The selective antagonist TTFB targets a site in the channel pore
TTFB has previously been identified as a relatively potent and selective ZAC inhibitor, with an IC50 of approximately 3 µM19. Mechanistic studies of TTFB at WT ZAC and 5-HT3AR/ZAC and ZAC/α1-GlyR chimeras have indicated that the inhibitor acts allosterically, most likely through a site in the TMD or ICD of the receptor19. To elucidate the structural basis of TTFB-mediated ZAC inhibition, we determined a TTFB-bound ZAC structure at 2.54 Å resolution. Comparison with the ZAC-Apo structure revealed additional densities within the channel, which were modeled as TTFB molecules, thus providing detailed insights into the binding mode of the ligand in these regions (Supplementary Fig. S3e).
In the ZAC-TTFB structure, five TTFB molecules are located between adjacent M2 helices near the extracellular side of the channel (Fig. 4a). All five ECD subunit interfaces in the structure are occupied by Zn2+ ions, in agreement with the proposed allosteric mechanism of the inhibitor19. We noted that at the same Zn2+ concentration used to obtain the ZAC-Zn/TTFB structure, only one Zn2+ site is readily occupied in the ZAC-Znpartial structure, which may represent a more resting-like conformation than ZAC-Zn/TTFB. The exact structural basis for this difference is not fully clear. One putative explanation is that the wedging of TTFB between the adjacent M2 helices in the TMD may induce a conformational change that is propagated back to the ECD subunit interfaces, thereby facilitating Zn2+ binding to these at lower concentrations. In its binding, TTFB interacts with a hydrophobic pocket formed by residues 12’L and 13’V on (+)-M2 and 13’V and 14’L on (−)-M2. Additional receptor‒ligand interactions include the formation of hydrogen bonds between the hydroxy groups of (−)-10’S, (−)-17’S, and (+)-16’S and the fluoro, sulfur, and carboxyl oxygen atoms of TTFB, respectively (Fig. 4a). In the other cation-selective CLRs, the 5-HT3Rs and nAChRs, this hydrophobic pocket is sterically hindered because of the presence of Phe residues at the 12’, 13’ and 14’ positions, and several of the polar residues coordinating to TTFB in ZAC (10’, 16’, 17’) are also not conserved in these receptors (Fig. 4b, c). Conversely, the anion-selective CLRs, the GlyRs and GABAARs, possess more polar pockets (12’, 13’, and 14’), which would be suboptimal for TTFB interaction. These structural distinctions may underscore the selective antagonism mediated by TTFB at ZAC versus other CLRs.

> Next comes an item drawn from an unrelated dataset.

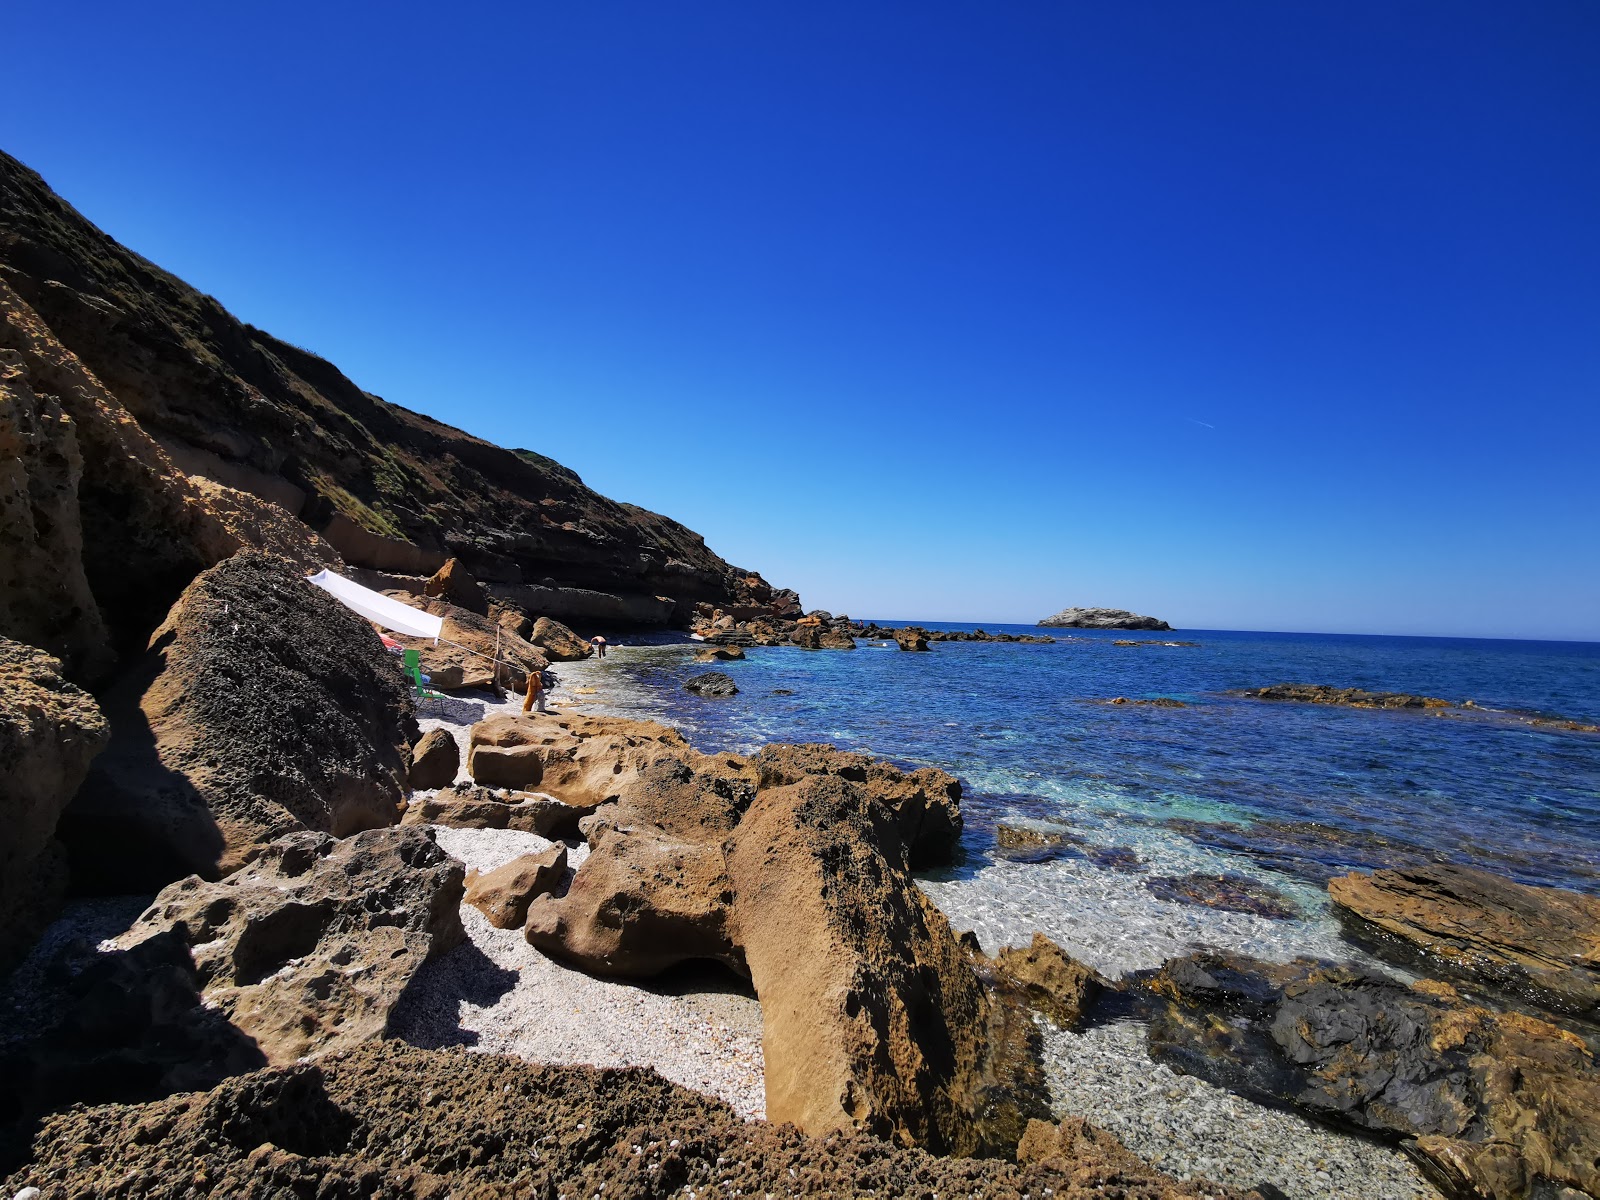 Zdjęcie Spiaggia Di Rena Majore i jego piękne krajobrazy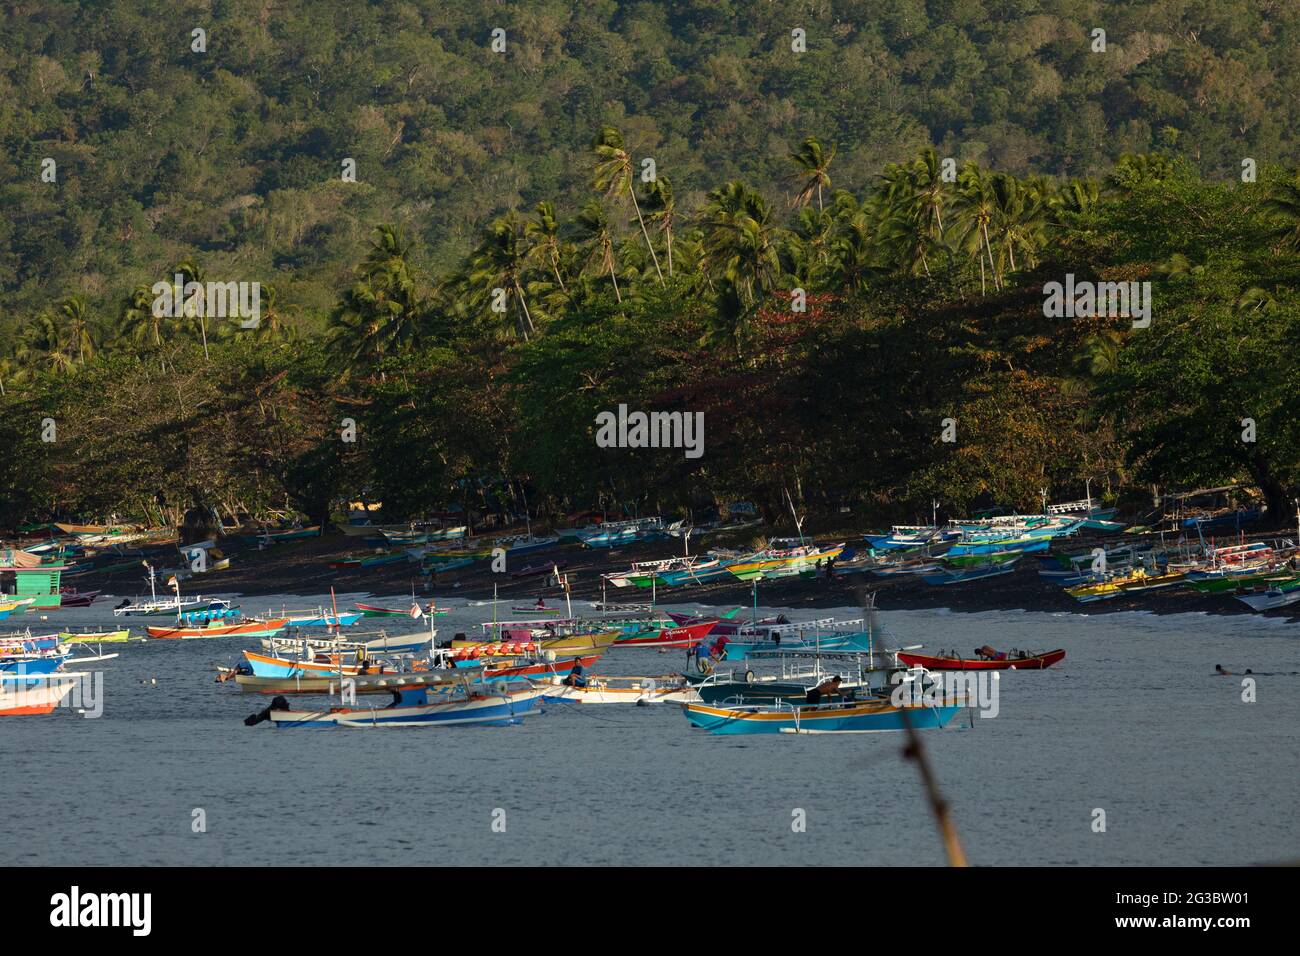 Batu Putih, Indonesia - September 30, 2019: Dozens of colorful fishing boats moored near the beach, Tangkoko Nature Park, Sulawesi, Indonesia Stock Photo

a The structure of ZAC bound to the selective antagonist TTFB is viewed from the membrane plane (top) and top-down (bottom), with transmembrane helices represented as tubes and TTFB depicted as purple sticks. A detailed view of the TTFB-binding site is shown on the right, where the hydrogen bonds are indicated by dashed lines. The principal subunit interface (+) and the complementary subunit interface (−) are colored for distinction. Below that, the binding pocket is represented as a solid surface, color-coded by hydrophobicity (range, −20 to 20, from hydrophilic to hydrophobic), highlighting the hydrophobic and polar regions involved in the binding interaction. b Sequence alignment of M2 helices across selected CLRs. Residues in ZAC involved in the hydrophobic interactions with TTFB are highlighted with a blue shade, whereas residues forming polar interactions are given with an orange shade. hs, Homo sapiens (human); m, mouse. c The structural landscape of the TTFB-binding site in ZAC (Fig. 3a) compared with similar regions across other selected CLRs, i.e., 5-HT3AR (PDB: 6DG8), α3β4 nAChR (PDB: 6PV7), α1 GlyR (PDB: 4X5T), and α1β2γ2 GABAAR (PDB: 6D6T), emphasizing the distinct binding pocket for TTFB in ZAC. d Antagonist properties displayed by TTFB in WT ZAC and S277G/S278G/Q281G ZAC. Left, representative traces of the current responses in TEVC recordings evoked by Zn2+ (1 mM) in the absence and presence of TTFB (0.1, 1, 10, and 100 μM) through WT and S277G/S278G/Q281G ZAC expressed in oocytes. Right, TTFB-mediated antagonism of the spontaneous activity of (top) and the Zn2+ (1 mM)-evoked response through (bottom) WT and S277G/S278G/Q281G ZAC expressed in oocytes in TEVC recordings. Data for the inhibition of spontaneous activity represent positive (upward) changes in holding currents produced by TTFB during the 30 s preincubation and are normalized to the positive (upward) change in holding currents produced by TTFB (100 μM) [ITTFB(100 μM)] in the oocytes. Data for the inhibition of the Zn2+ (1 mM)-evoked response represent the reduced inward currents produced by the subsequent co-application of Zn2+ (1 mM) and TTFB and are normalized to the current produced by Zn2+ (1 mM) alone [IZn2+ (1 mM)] in the oocytes. Data are given as the individual data points with mean ± SEM values. Data for all TTFB site mutants are given in Supplementary Fig. S9 and Table S5.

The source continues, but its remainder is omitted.